__Task description__: Reproduce exactly the line containing "19th Century Renaissance" and each line after it until the listing ends, leaving pictures out.

__Supplied material__:

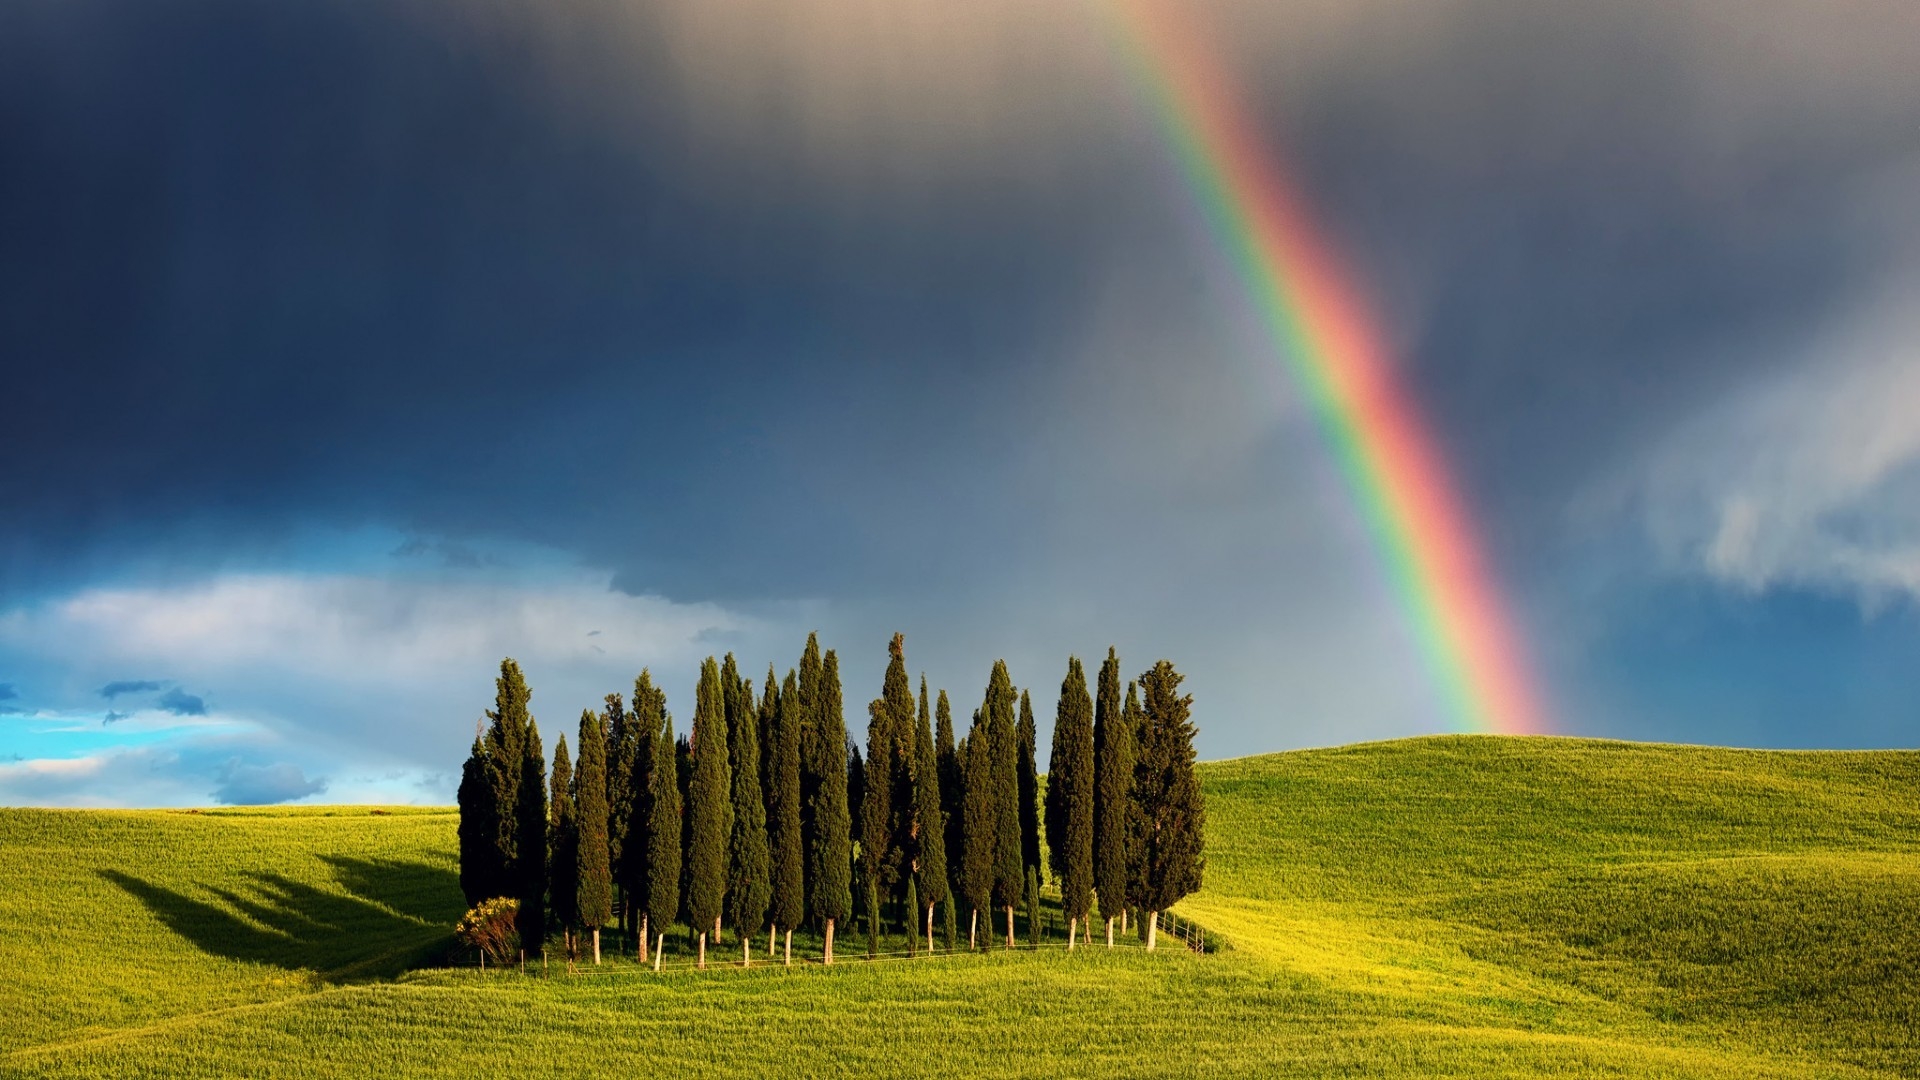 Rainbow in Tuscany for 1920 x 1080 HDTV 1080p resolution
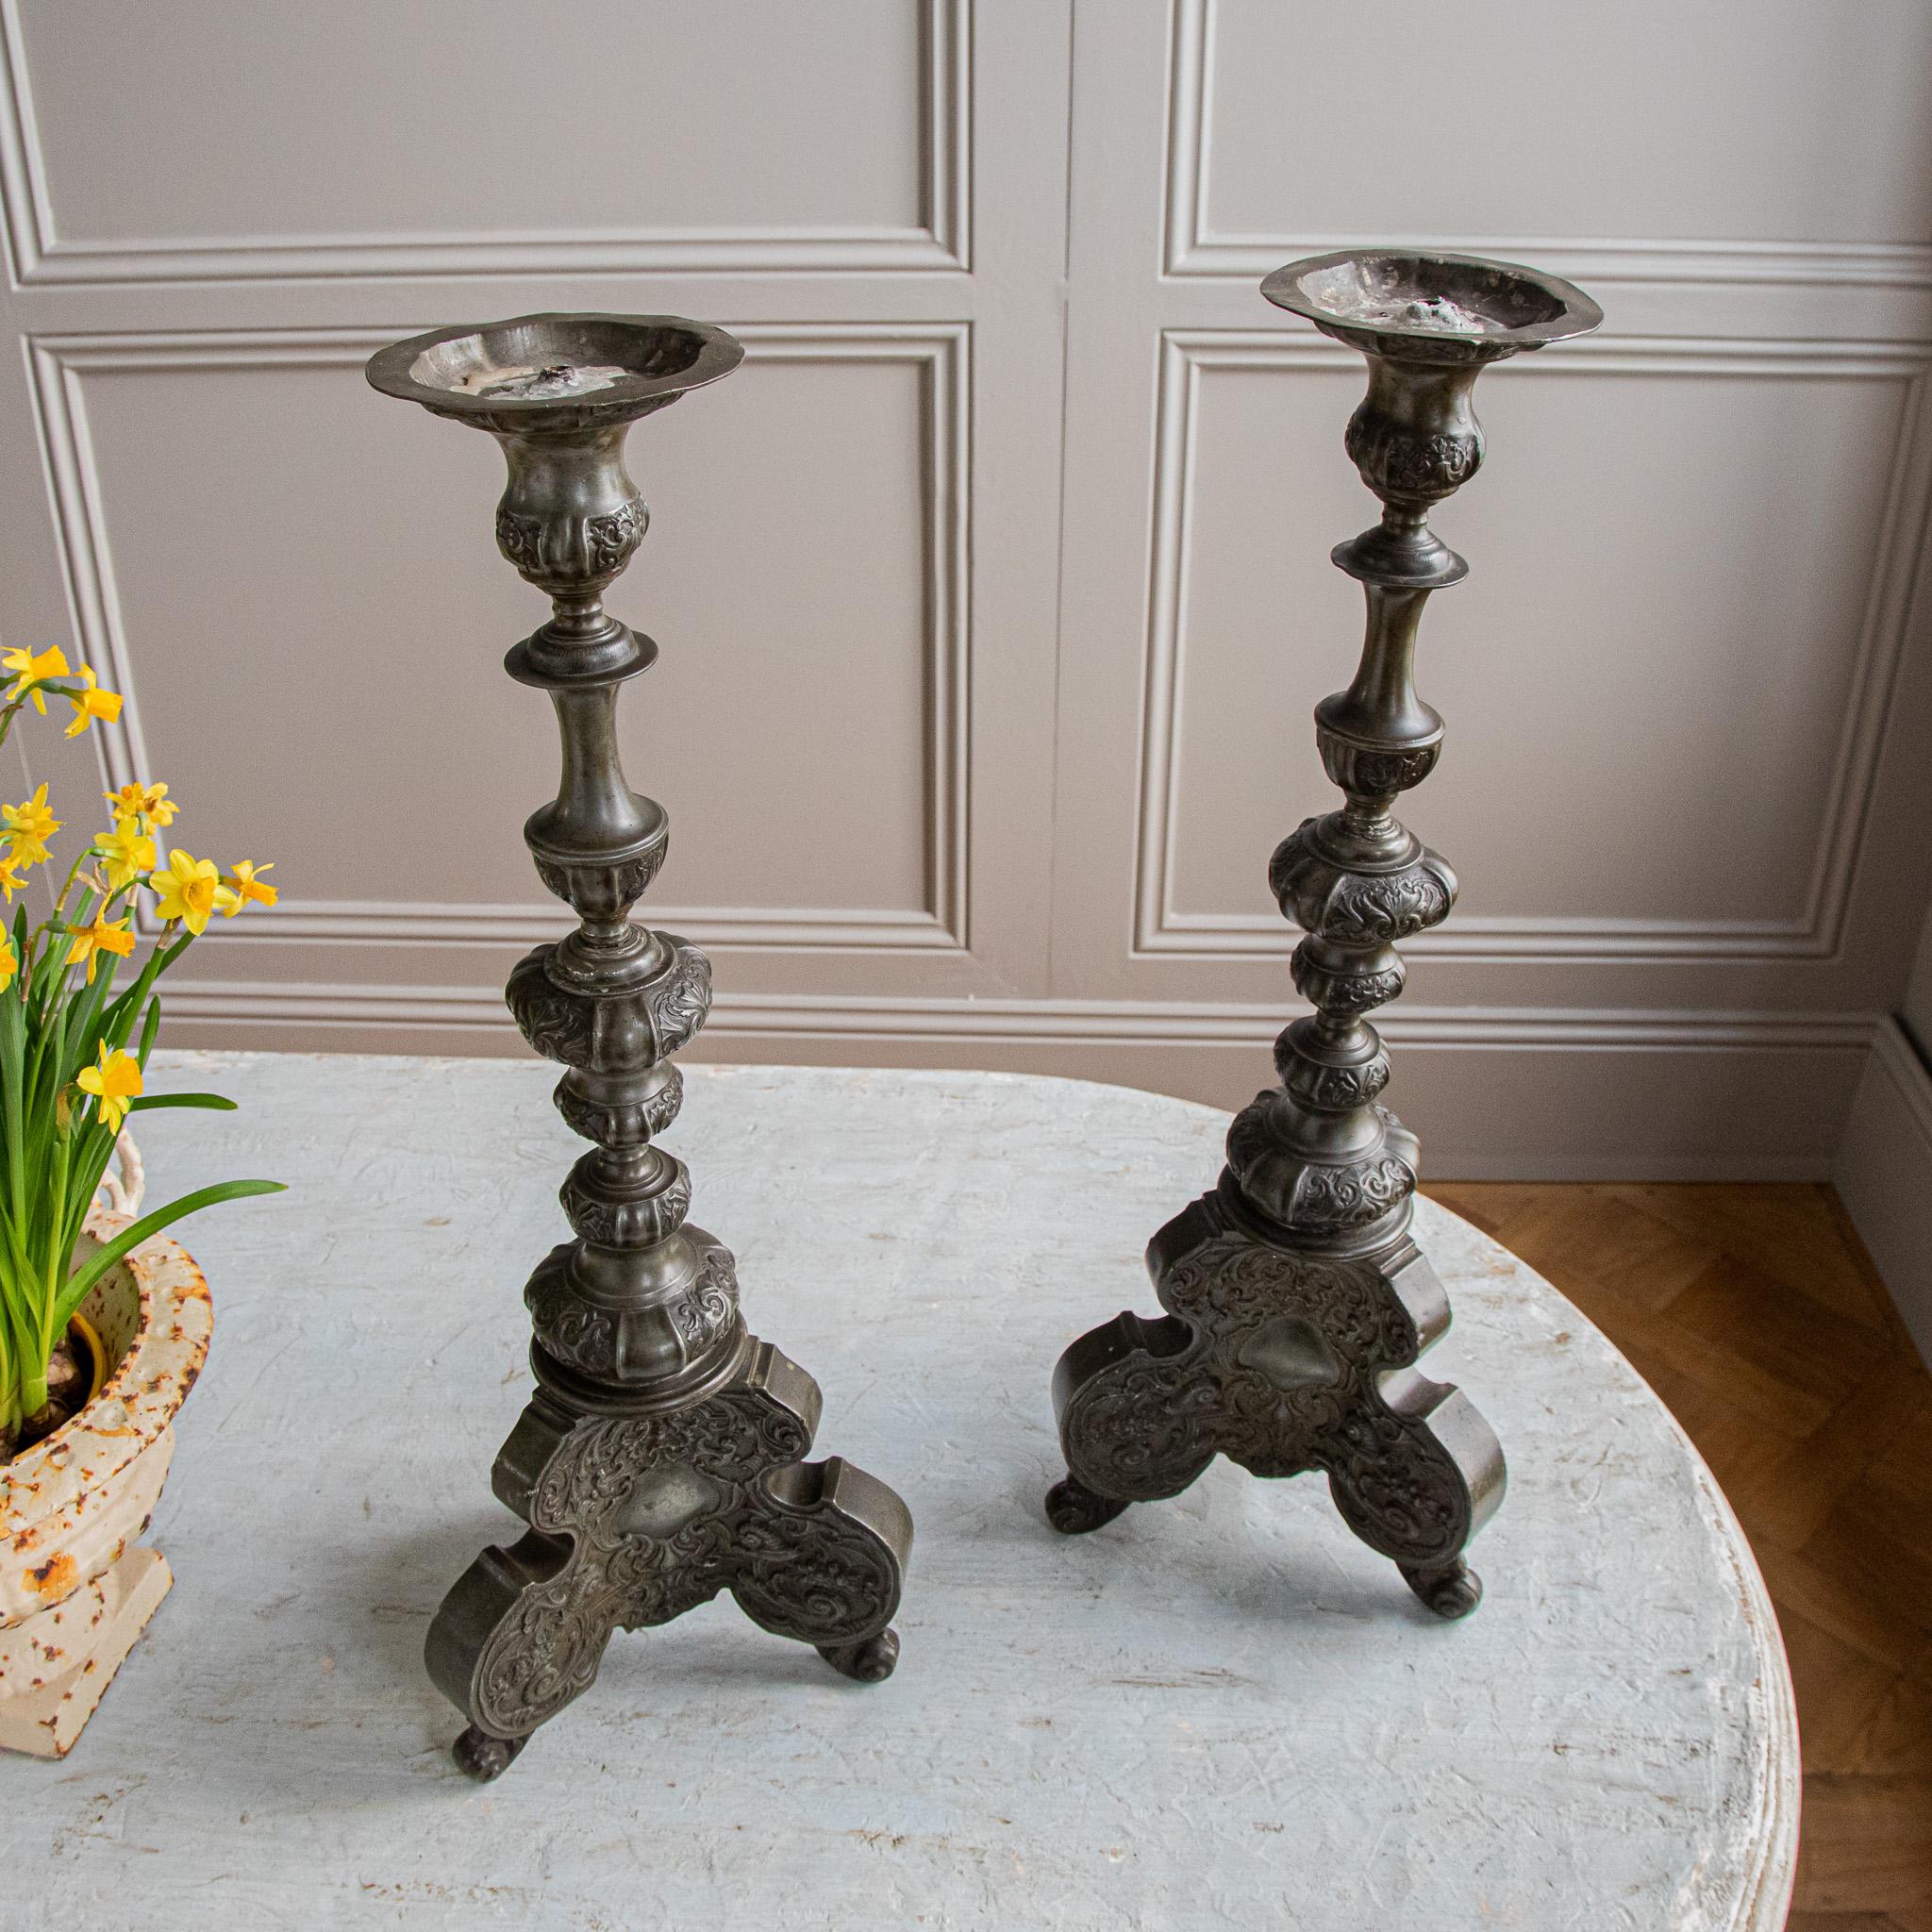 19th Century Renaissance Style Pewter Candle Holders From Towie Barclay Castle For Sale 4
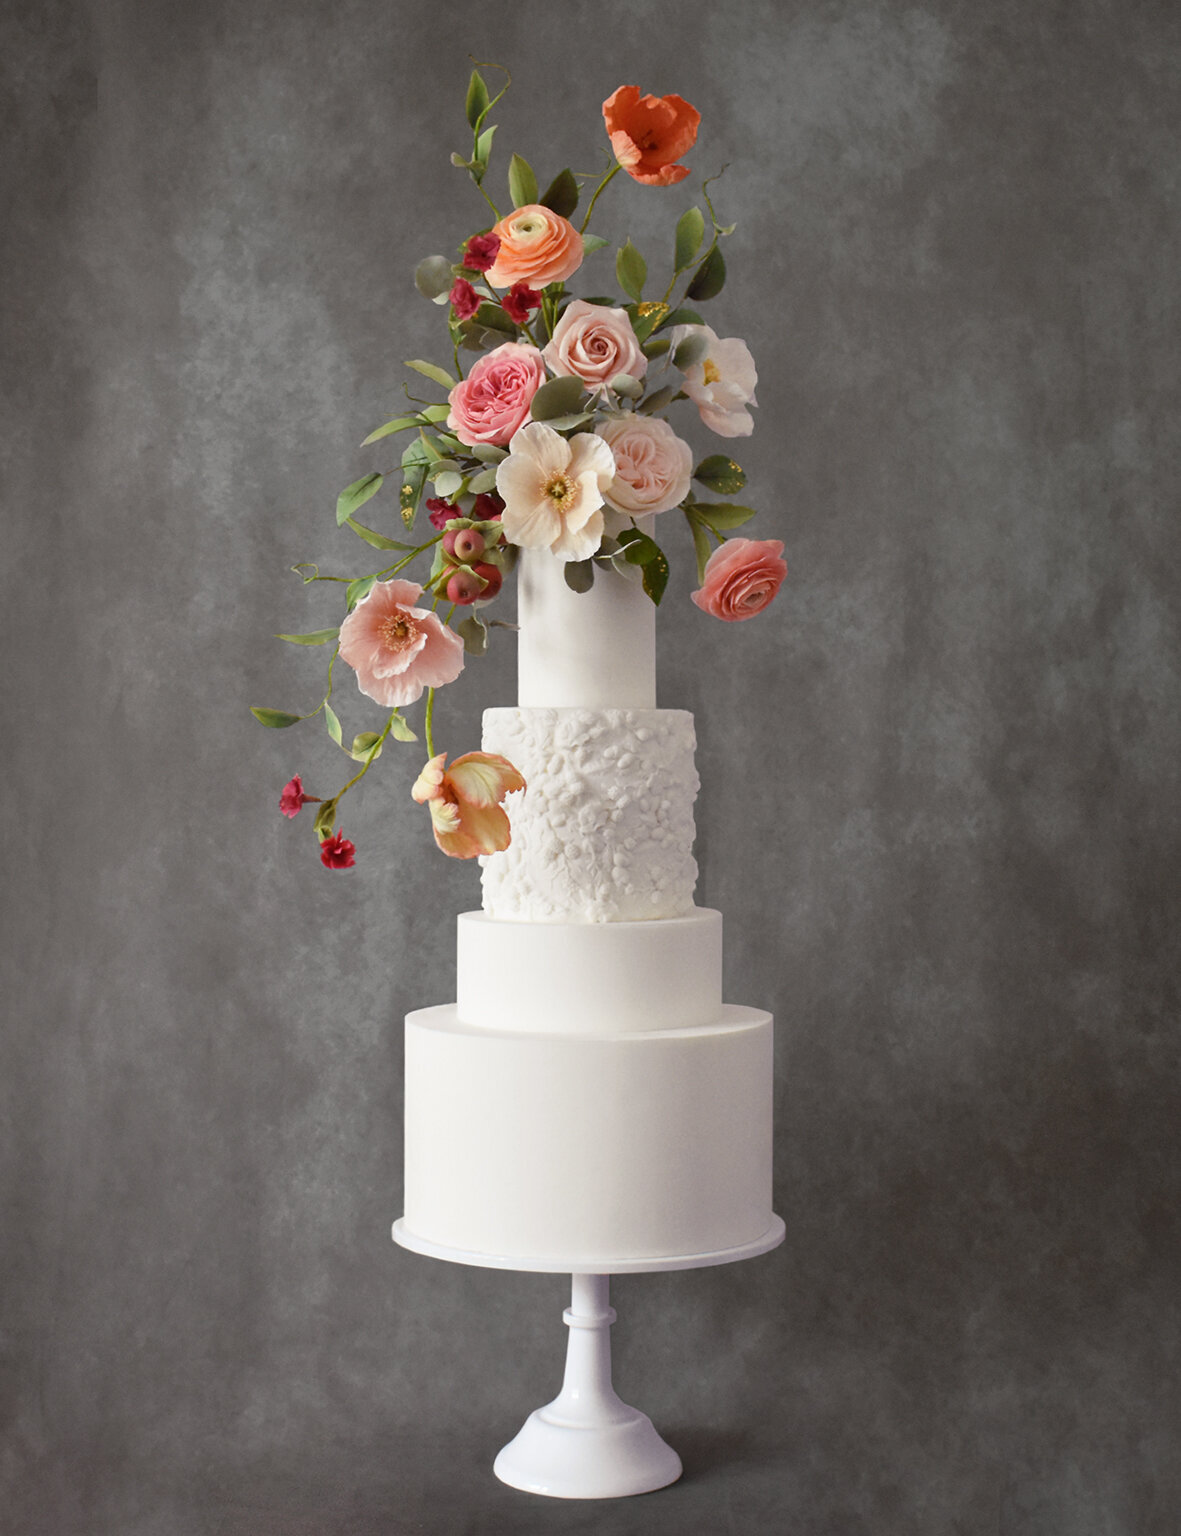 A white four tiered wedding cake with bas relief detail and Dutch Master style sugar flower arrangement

__Task output__:
 19th Century Renaissance Style Pewter Candle Holders From Towie Barclay Castle For Sale 4
 A white four tiered wedding cake with bas relief detail and Dutch Master style sugar flower arrangement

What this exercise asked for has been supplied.